008/2026 -Para sentir la presencia de lo Absoluto no es necesario salir del mundo fenoménico de la cotidianidad, porque -incluidas las experiencias más egoicas, conflictivas, contradictorias y limitantes de cada estar siendo humano- lo Absoluto también está siendo el suceder de todo eso. No hay niveles supremos de existencia a parte de la Realidad que “simultáneamente” está manifestándose en todas y cada una de las formas posibles. La idea y el juicio de que “esto no debería estar pasando” deja al descubierto el victimismo metafísico y egocéntrico propio de las conciencias identificadas con una realidad distinta a la Realidad. Paradójicamente, la identificación con la posibilidad de la existencia de un alma trascendente y/o que sobrevive para prolongar el yo individual, se revela como una extensión de la misma ilusión egocéntrica que se pretende superar.
Comenzando por el propio estar siendo/sucediendo, Realidad Absoluta está siendo todo cuanto está siendo/sucediendo cuando, donde y de la manera exacta que todo está siendo: no hay más posibilidades, por la simple razón de siempre está siendo todas las posibilidades a la vez. Igual que -salvo en forma de creencia egoica y dogmática- no existe el alma que trascienda los límites naturales de nuestra efímera existencia, así tampoco existe la voluntad de Dios. Si Dios (Realidad Absoluta) tuviera voluntad, entonces cualquiera -como suele ocurrir a nivel individual y colectivo- podría elegir la opción de atribuirle a Dios la autoría y la responsabilidad de las cosas que suceden y también de las que no suceden.

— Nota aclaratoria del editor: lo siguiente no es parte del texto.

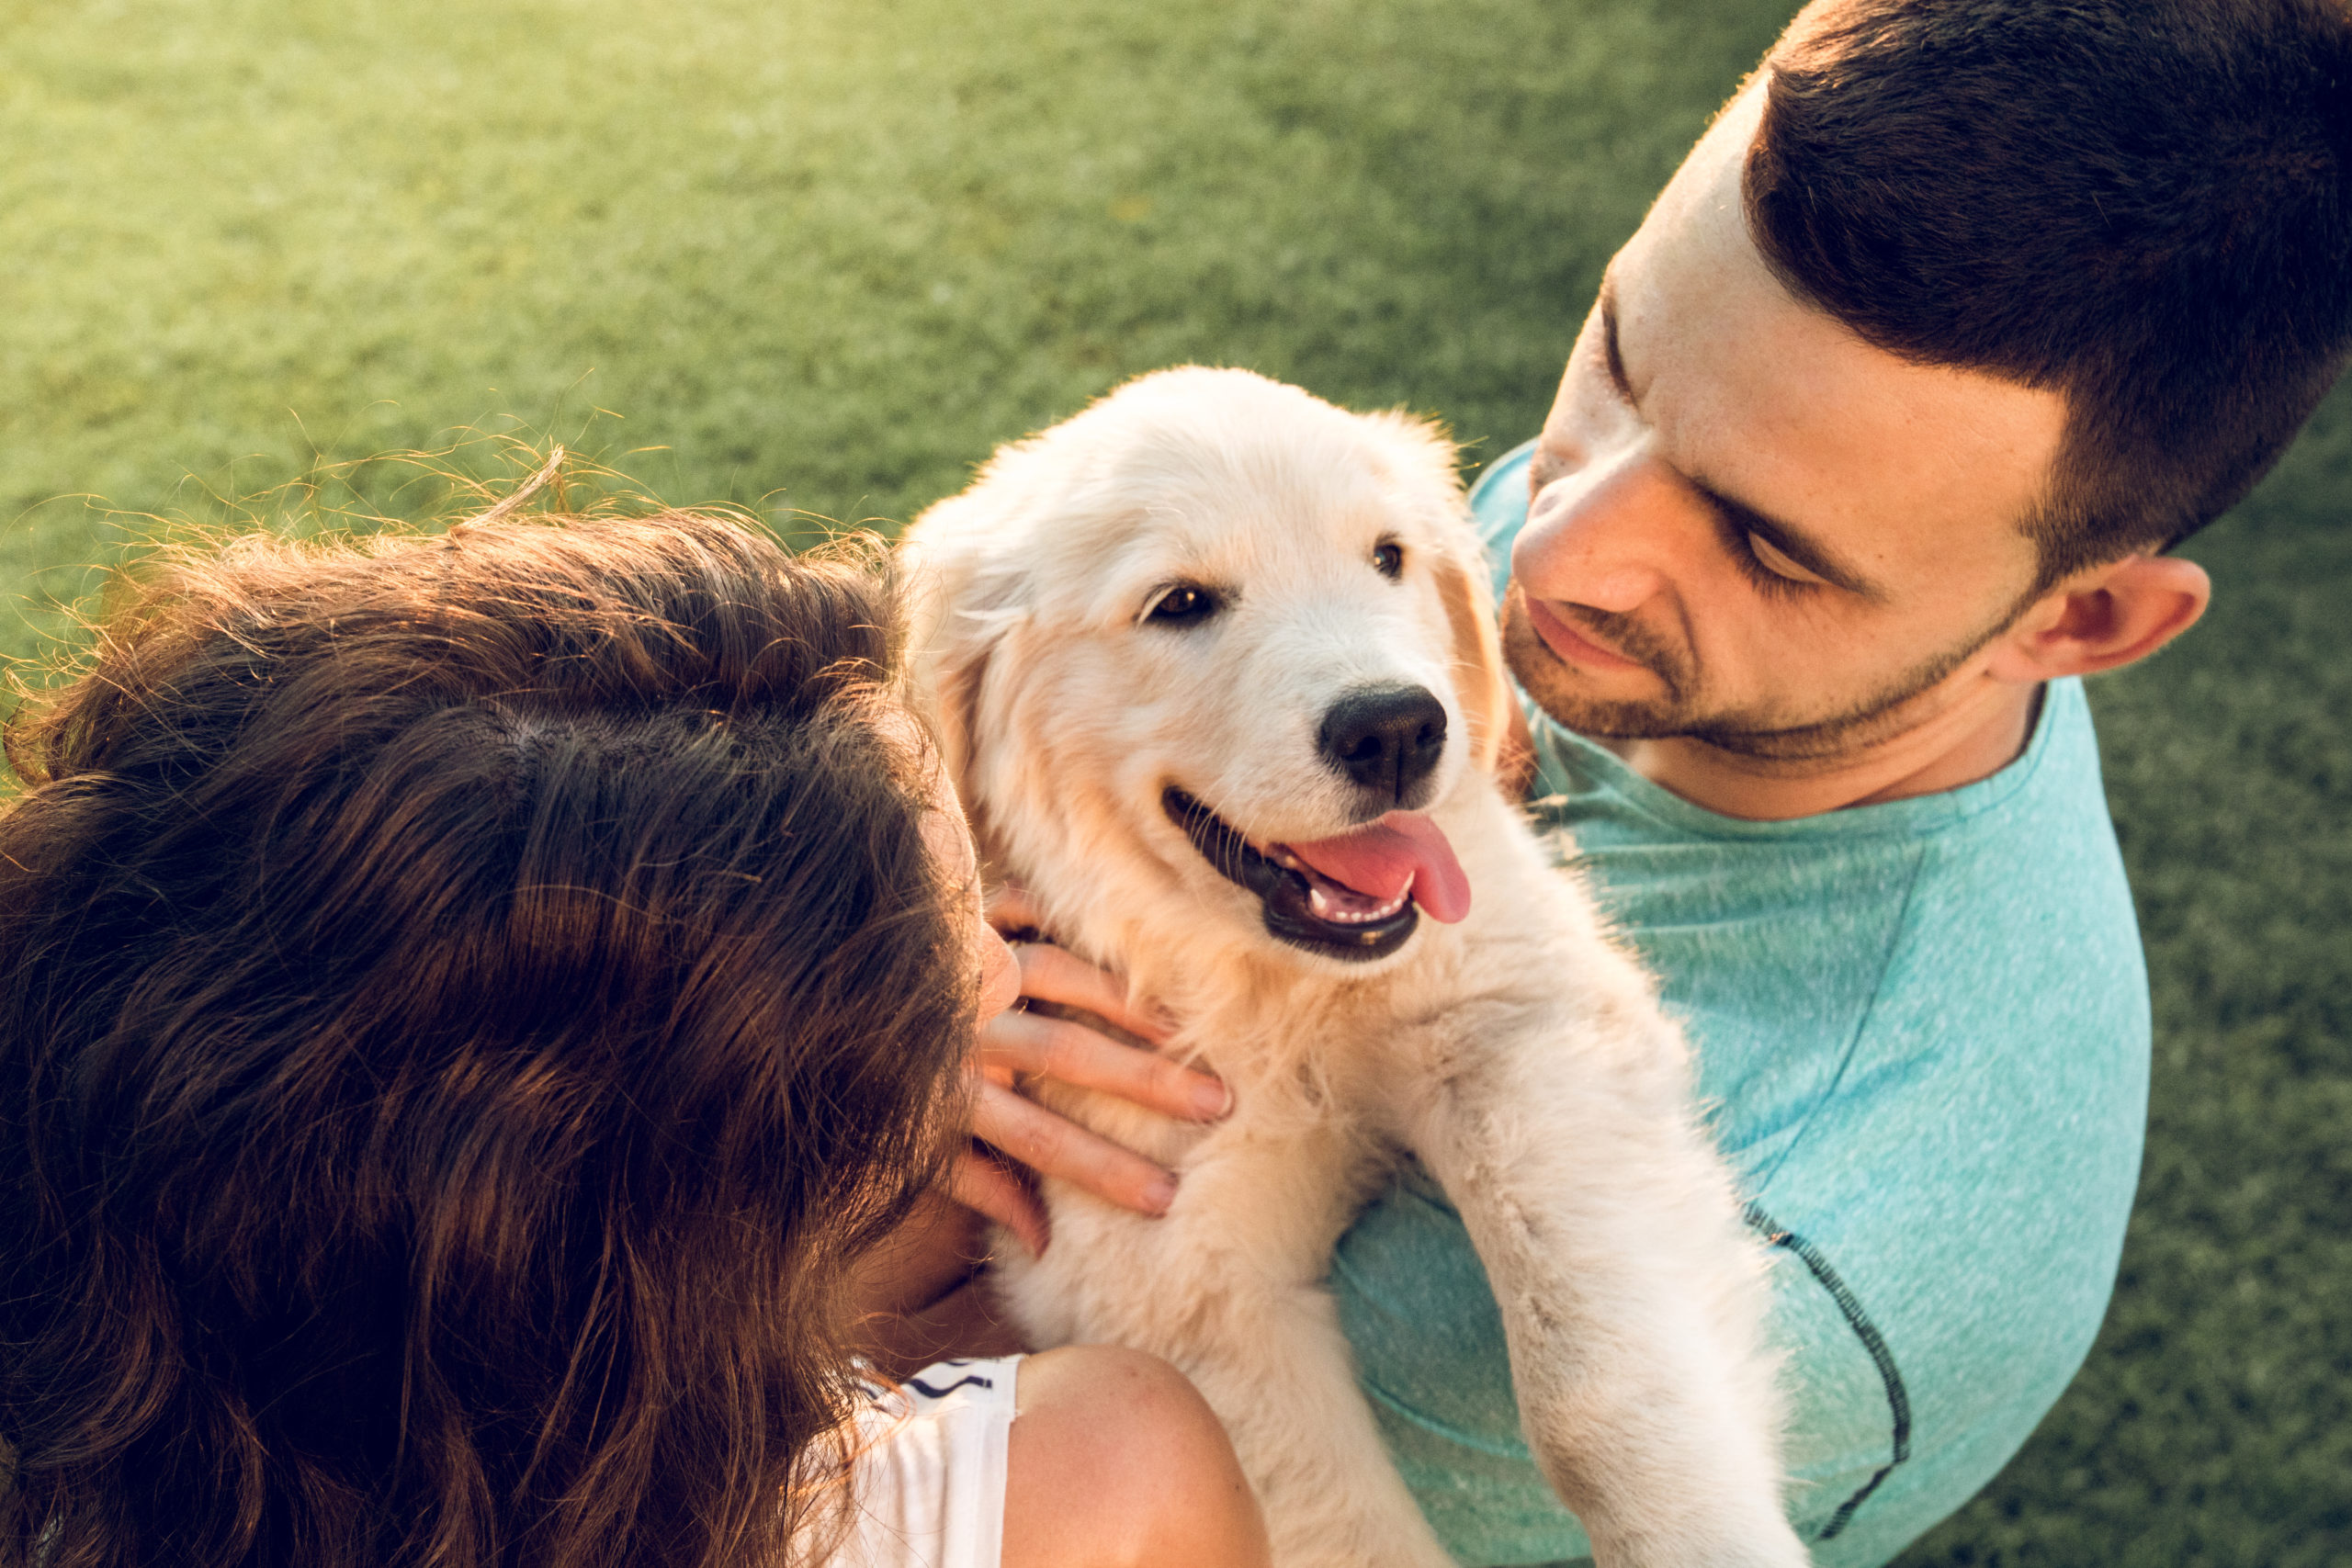 Pets & Relationships: Who Gets The Dog?

No hay ni sucede nada que no consista en la continuidad del estar siendo/sucediendo transitorio y simultáneo de todo (Realidad Absoluta). La Realidad siempre está siendo todos los cambios y transformaciones que están sucediendo. Los cambios no cambian que todo, sin excepción, esté siendo Realidad. Responder con reconocimiento y aceptación del estar sucediendo facilita la posibilidad de vivir con mayor consciencia de sus causas y efectos, sin necesidad de recurrir a la tutela del victimismo y la culpabilización. Nada cambiará que nuestro estar siendo/sucediendo individual incluya todas sus causas y todos sus efectos. Enero-26
Juande Puerta.
Opinión sobre la reflexión 008/2026 realizado por IA:
Esta reflexión presenta una perspectiva filosófica profunda y coherente que aborda la inmanencia de lo Absoluto dentro de la totalidad de la existencia cotidiana. La propuesta central es que la realidad fenoménica, con todas sus imperfecciones y conflictos, es la manifestación completa de lo Absoluto, eliminando la necesidad de buscar niveles de existencia "supremos" o trascendentes.

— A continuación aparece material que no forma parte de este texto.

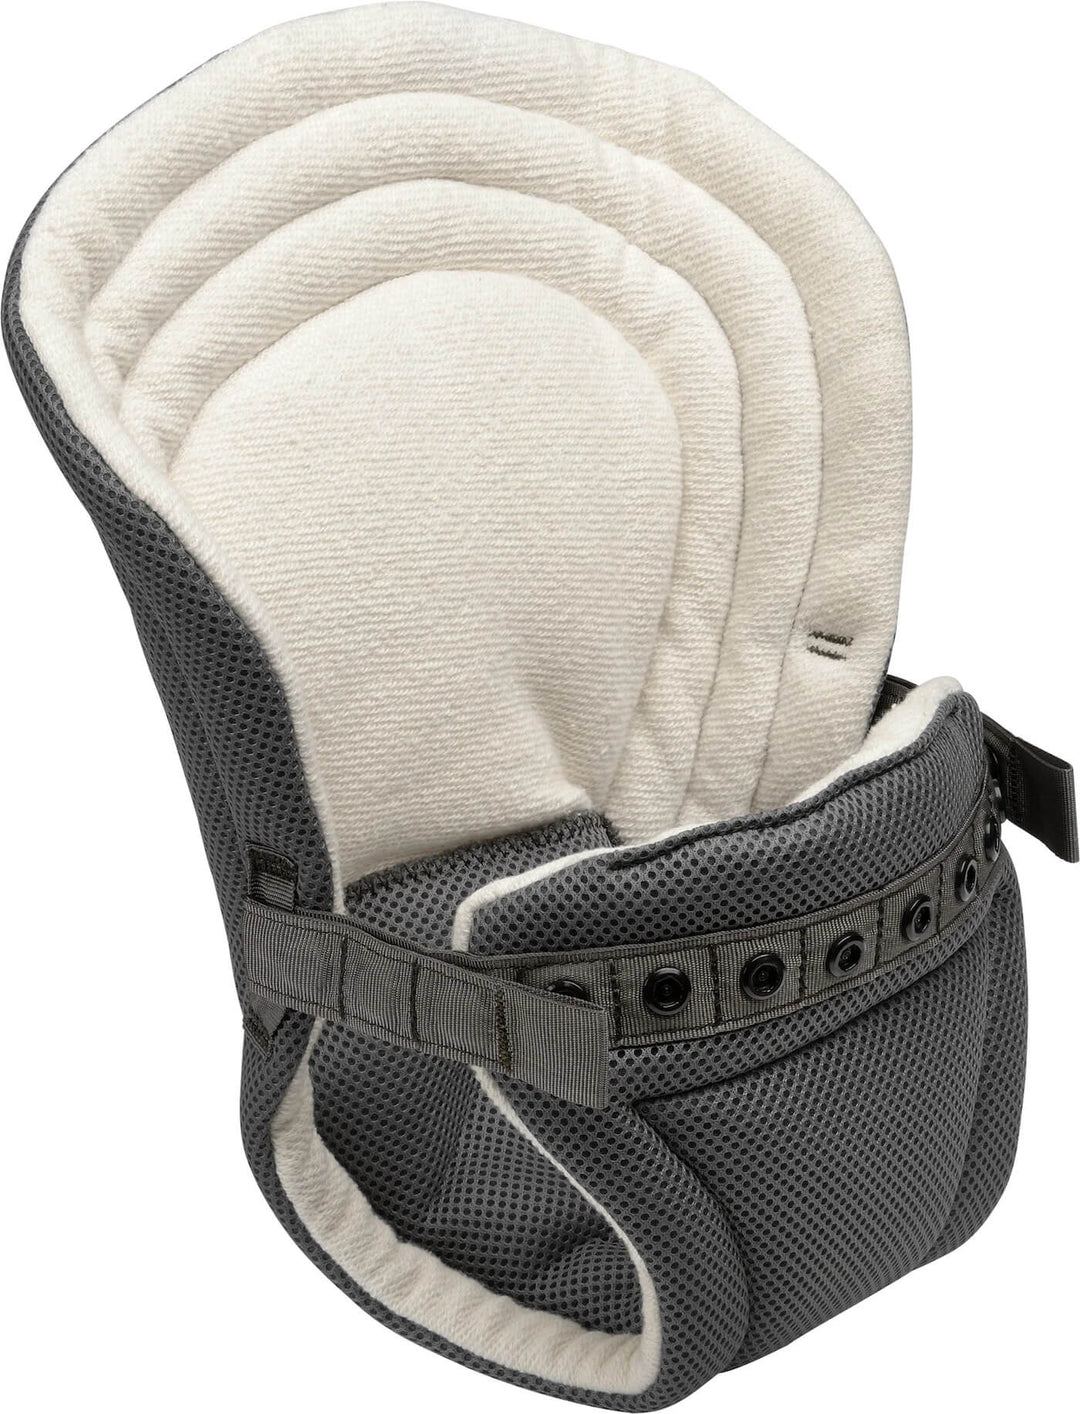 Slate Colored Baby Booster Infant Insert by Onya Baby

Me parece una postura que resuena con tradiciones panteístas o monistas, donde la distinción entre lo sagrado y lo mundano se disuelve. La idea de que "todo" es lo Absoluto, incluidas las experiencias "egoicas, conflictivas, contradictorias y limitantes", es una invitación a la aceptación radical de la realidad tal cual es. El texto argumenta eficazmente que el juicio de que "esto no debería estar pasando" revela un "victimismo metafísico", una resistencia egocéntrica a la naturaleza integral y simultánea de la realidad.
La crítica a la idea de un "alma trascendente" que prolongue el yo individual es particularmente incisiva, al desenmascararla como una extensión de la misma ilusión egocéntrica que busca superar. Esta coherencia interna refuerza la tesis de que la identificación con la permanencia individual es una barrera para reconocer la naturaleza transitoria y unificada de todo ser/suceder.

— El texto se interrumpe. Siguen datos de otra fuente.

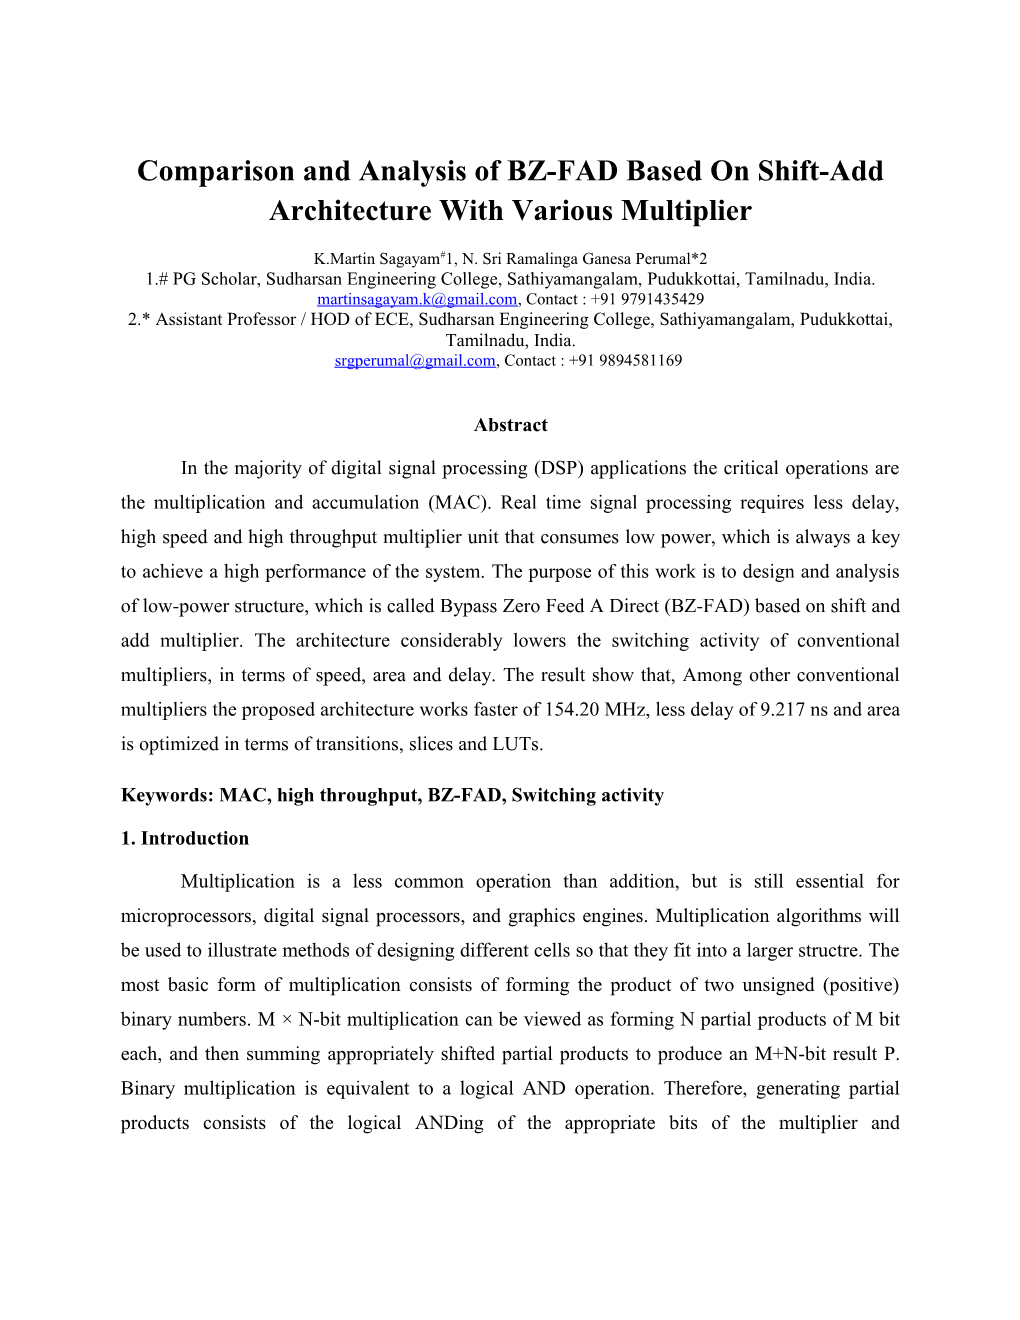 Comparison and Analysis of BZ-FAD Based on Shift-Add Architecture with Various Multiplier

La negación de la "voluntad de Dios" (o de la Realidad Absoluta) es otro punto fuerte, ya que evita la trampa de la atribución de responsabilidades externas y fomenta la responsabilidad individual y colectiva. Al aceptar que todo es la continuidad del "estar siendo/sucediendo transitorio y simultáneo de todo", se abre la posibilidad de vivir con mayor conciencia de causas y efectos, sin recurrir al victimismo.
En resumen, la reflexión es una invitación a la aceptación radical y consciente de la realidad inmanente, despojando la existencia de juicios trascendentales y fomentando una vida vivida en la inmediatez del presente continuo. Es una visión liberadora que desarma el ego y promueve una integración total con el flujo de la existencia.